- Location: Selibuya, Bachu, Xinjiang, China
- Date: 24 April 2013
- Attack type: Knife attack, Arson
- Deaths: 21 in total 15 community workers and police officers

= April 2013 Bachu unrest =

Ethnic violence in Xinjiang, China

On 24 April 2013, ethnic clashes occurred in Marelbeshi (Bachu), Xinjiang, China. The violence left at least 21 people dead, including 15 police and officials.

==April 2013 violence==
On 24 April 2013, deadly clashes broke out between policemen and ethnic Uyghur suspected terrorists, which according to state officials began when three local government officials reported a suspicious group of individuals armed with knives, outside a home in the Seriqbuya township located outside the city of Kashgar. While the group was in process of reporting this to their superiors, they were apprehended by the armed men hiding inside the home, killing the three unarmed officials. Afterwards policemen and community cadres at the local police station were informed by the workers' earlier reports and went to handle the matter.
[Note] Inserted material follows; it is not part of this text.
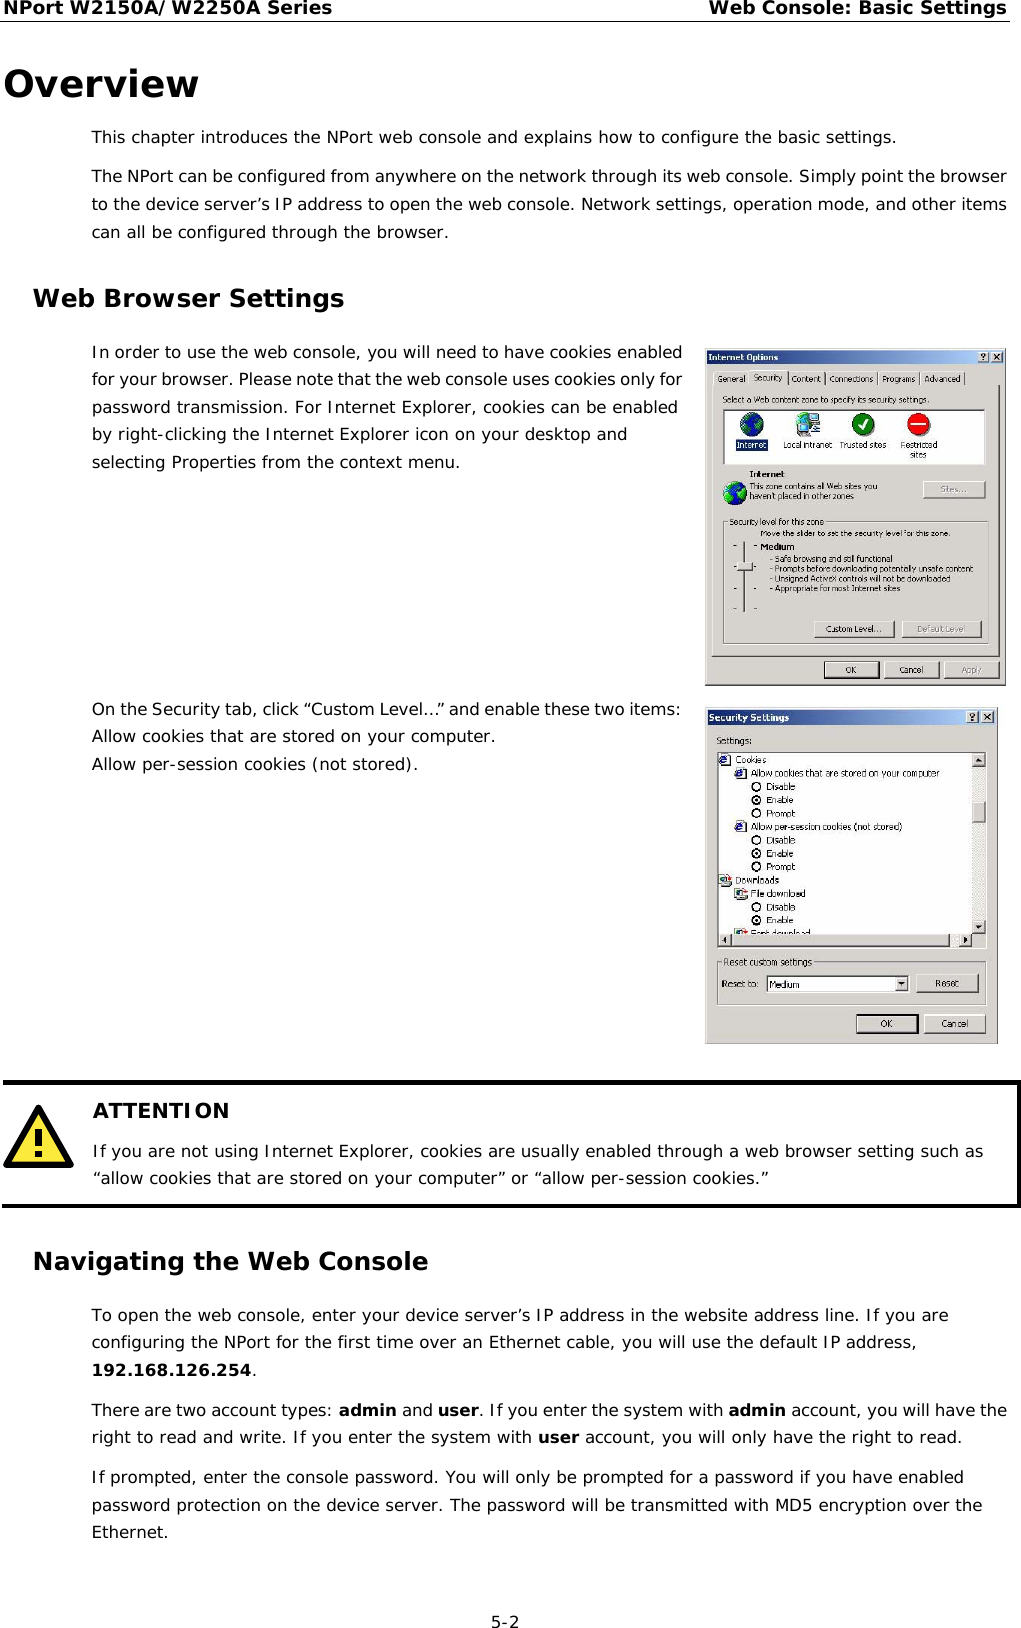 NPort W2150A/W2250A Series Web Console: Basic Settings  5-2 Overview This chapter introduces the NPort web console and explains how to configure the basic settings. The NPort can be configured from anywhere on the network through its web console. Simply point the browser to the device server’s IP address to open the web console. Network settings, operation mode, and other items can all be configured through the browser. Web Browser Settings In order to use the web console, you will need to have cookies enabled for your browser. Please note that the web console uses cookies only for password transmission. For Internet Explorer, cookies can be enabled by right-clicking the Internet Explorer icon on your desktop and selecting Properties from the context menu.  On the Security tab, click “Custom Level…” and enable these two items: Allow cookies that are stored on your computer. Allow per-session cookies (not stored).    ATTENTION If you are not using Internet Explorer, cookies are usually enabled through a web browser setting such as “allow cookies that are stored on your computer” or “allow per-session cookies.”  Navigating the Web Console To open the web console, enter your device server’s IP address in the website address line. If you are configuring the NPort for the first time over an Ethernet cable, you will use the default IP address, 192.168.126.254. There are two account types: admin and user. If you enter the system with admin account, you will have the right to read and write. If you enter the system with user account, you will only have the right to read. If prompted, enter the console password. You will only be prompted for a password if you have enabled password protection on the device server. The password will be transmitted with MD5 encryption over the Ethernet.

According to Chinese state media, when the policemen, some being unarmed, arrived to investigate the situation, armed men attacked them, killing three police officers and three of the attackers. Then nine policemen were cornered in the assailants house, which was set on fire, referred to as a "planned terrorist attack" against innocent victims. According to a report filed about incident, eleven of the deceased officials and policemen were ethnic Uyghurs, while the remaining four were Han Chinese. Chinese Foreign Ministry spokesmen Hua Chunying, said initial police investigations showed it had been a "premeditated attack carried out by a violent terrorists[sic] organization".

As a result of the violence 21 people died, including policemen and social workers.

==Trial==
Nineteen members of an unnamed extremist group were arrested. Its suspected leader, Musa Hesen, was sentenced to death, along with another suspect after a one-day trial in Kashgar on 12 August for murder, forming and leading a terrorist organisation and illegally manufacturing explosives. Three others were sentenced to prison sentences ranging from nine years to life.

==Aftermath==

After two months, on 26 June, 27 people were killed in riots, 17 of them were killed in the violence, while the other 10 people were shot dead by police in the township of Lukqun.